Monday, January 28, 2013

Risk, Reward, Recognition


He took a calculated risk with a new solution from a start-up vendor for a critical part of the business. The project started well and then ran into huge issues during a recessionary trend that hit everyone; under pressure the users started taking a cautious approach to every bit of functionality and wanted every remote condition part of the solution. Everyone who had signed off on the risk matrix now conjectured about the decision putting the CIO in a spot which lead to his movement.

Fast forward to another era, the CIO now with another company took on the challenge to rescue the underwater reputation of IT. He took a bold step to choose a smaller and relatively unknown vendor for an even larger business critical project; the selection process was unquestionable with sign-offs from all CXOs. The project went live with flying colours and was recognised by the users, the company – locally and globally, and acknowledged as a paradigm shift in the industry.
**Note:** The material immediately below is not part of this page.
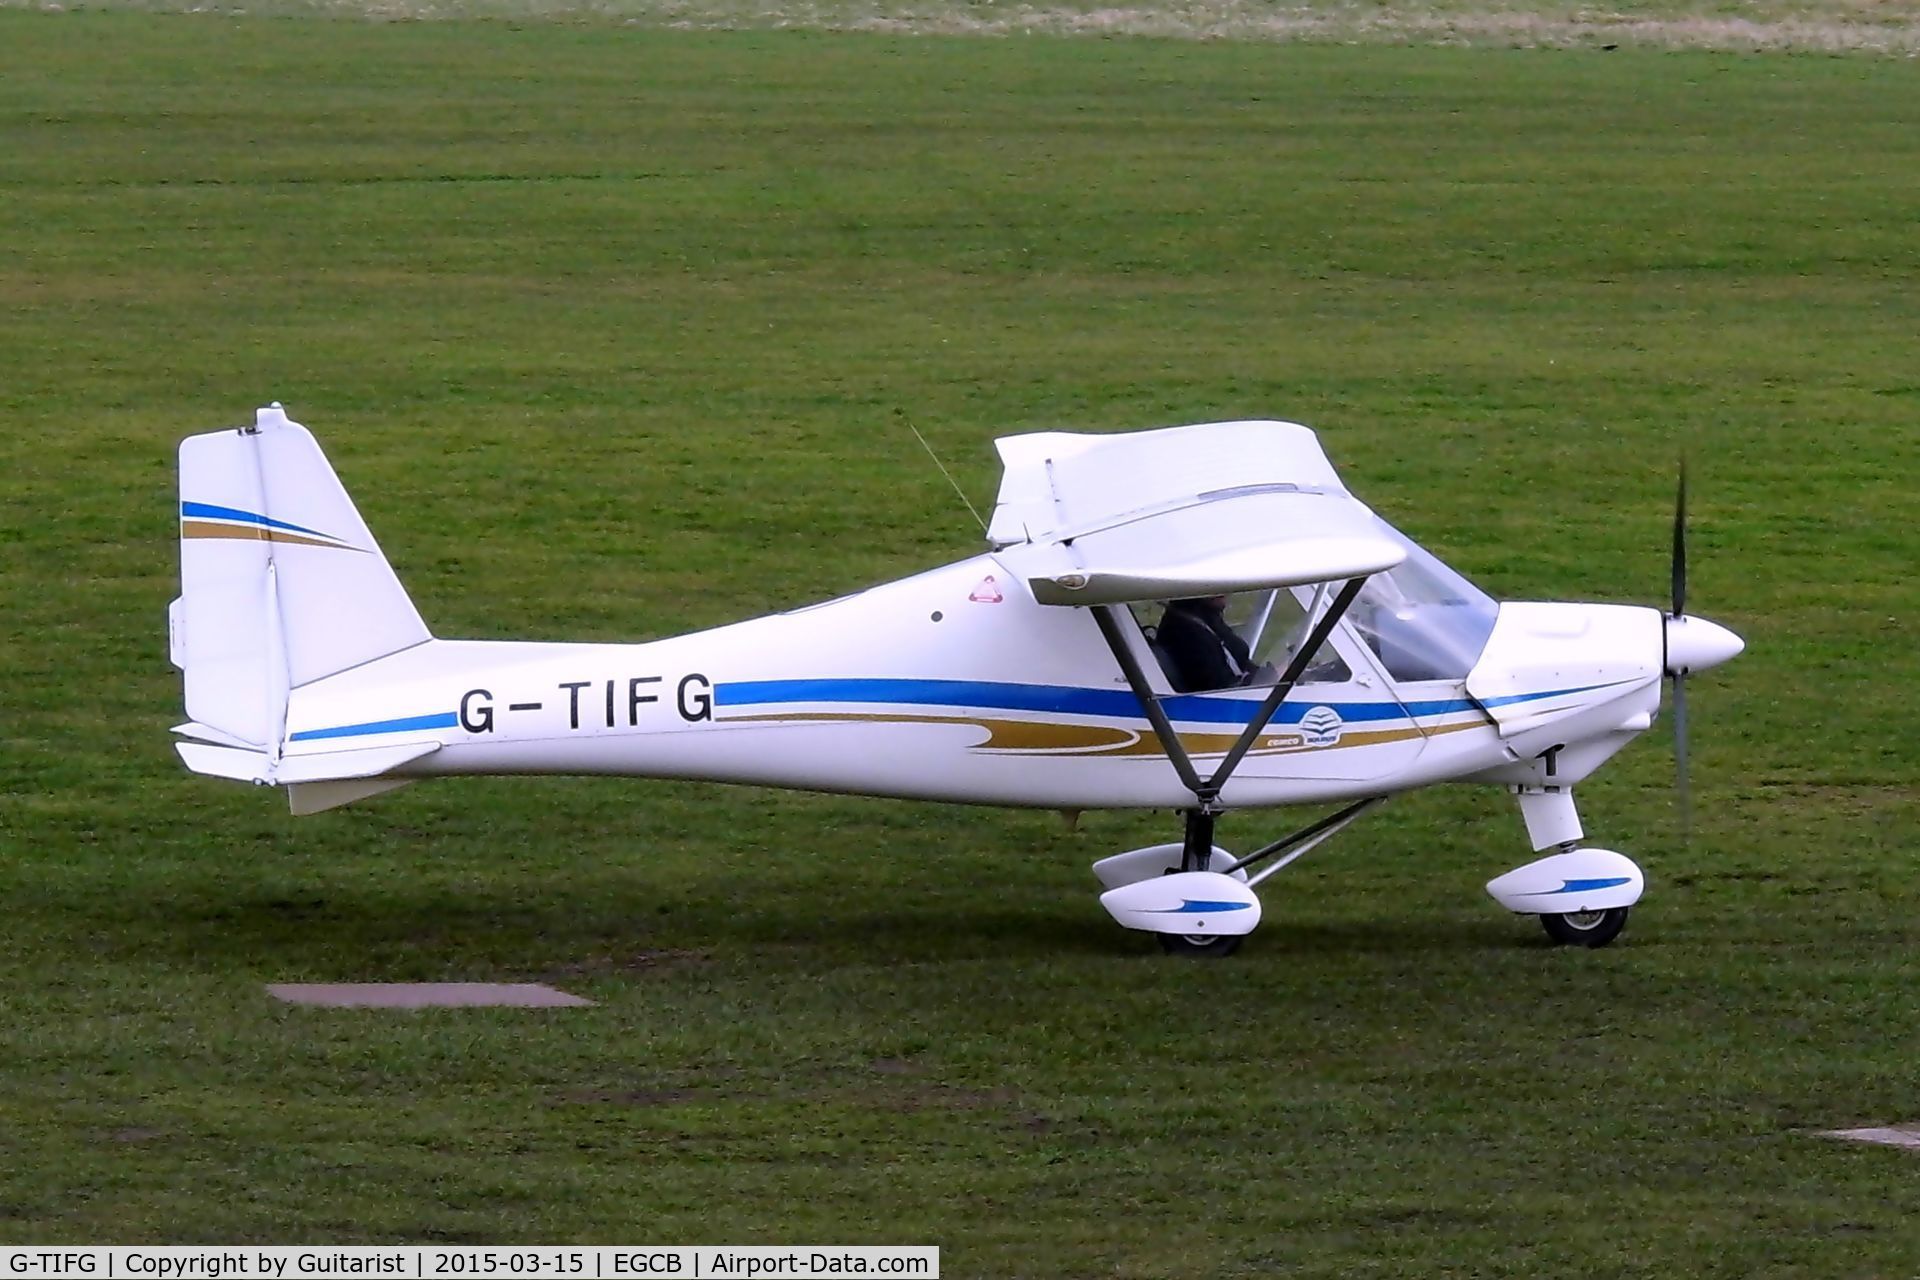 G-TIFG, 2010 Comco Ikarus C42 FB80 C/N 1009-7119, City Airport Manchester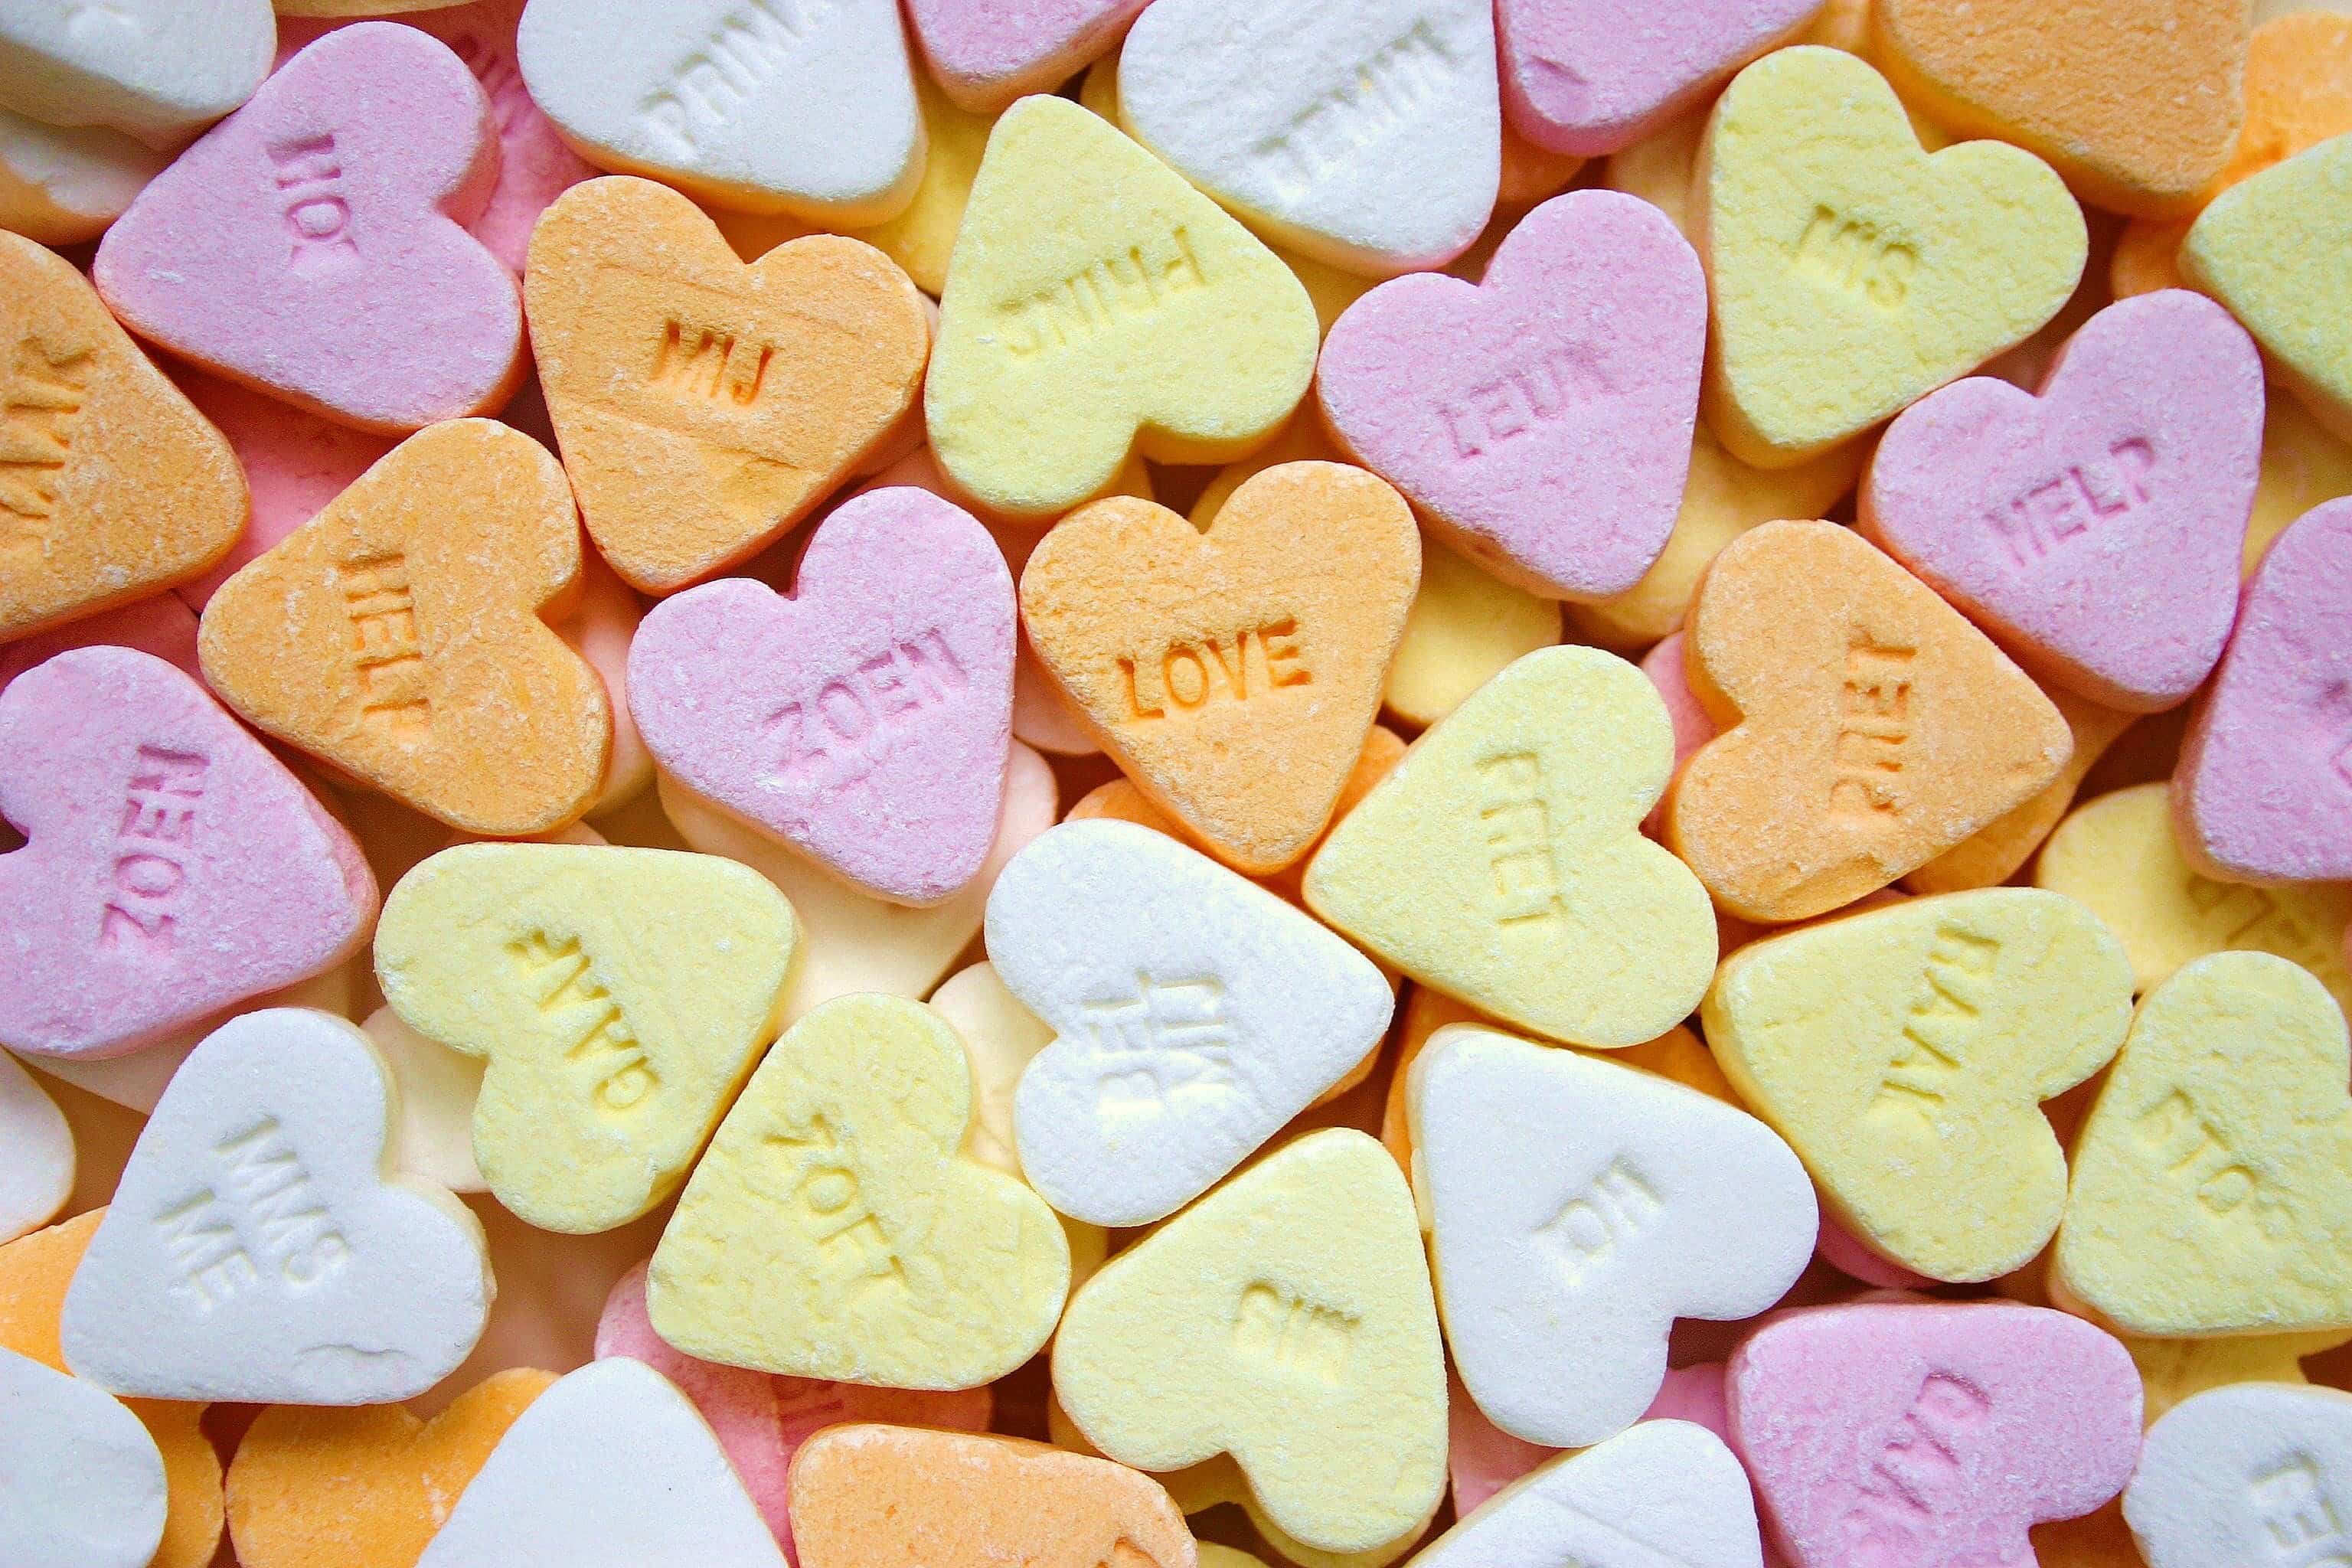 A selection of heart candies  with romantic messages on them

News about his risk ability and success was coupled with the many awards he and his team had collected. The business too was bestowed with many industry awards as they leveraged the technology solutions with due credit to the IT team. The Midas touch was such that even though the company had normally been on the leading curve of technology adoption, now it was a playing ground for every IT company wanting to invest and explore use cases that the weak hearted would shy away from.

Through the years many started seeking coaching and mentoring from the CIO; he acknowledged all, was ready with a piece of advice, networked across layers with ease, growing in stature feeding on the recognition. Industry bodies and forums wanted him as an advisor, conferences vied for his participation; everyone was satiated with his response and participation. He became larger than life in his embodiment of success and the persona became bigger than the person.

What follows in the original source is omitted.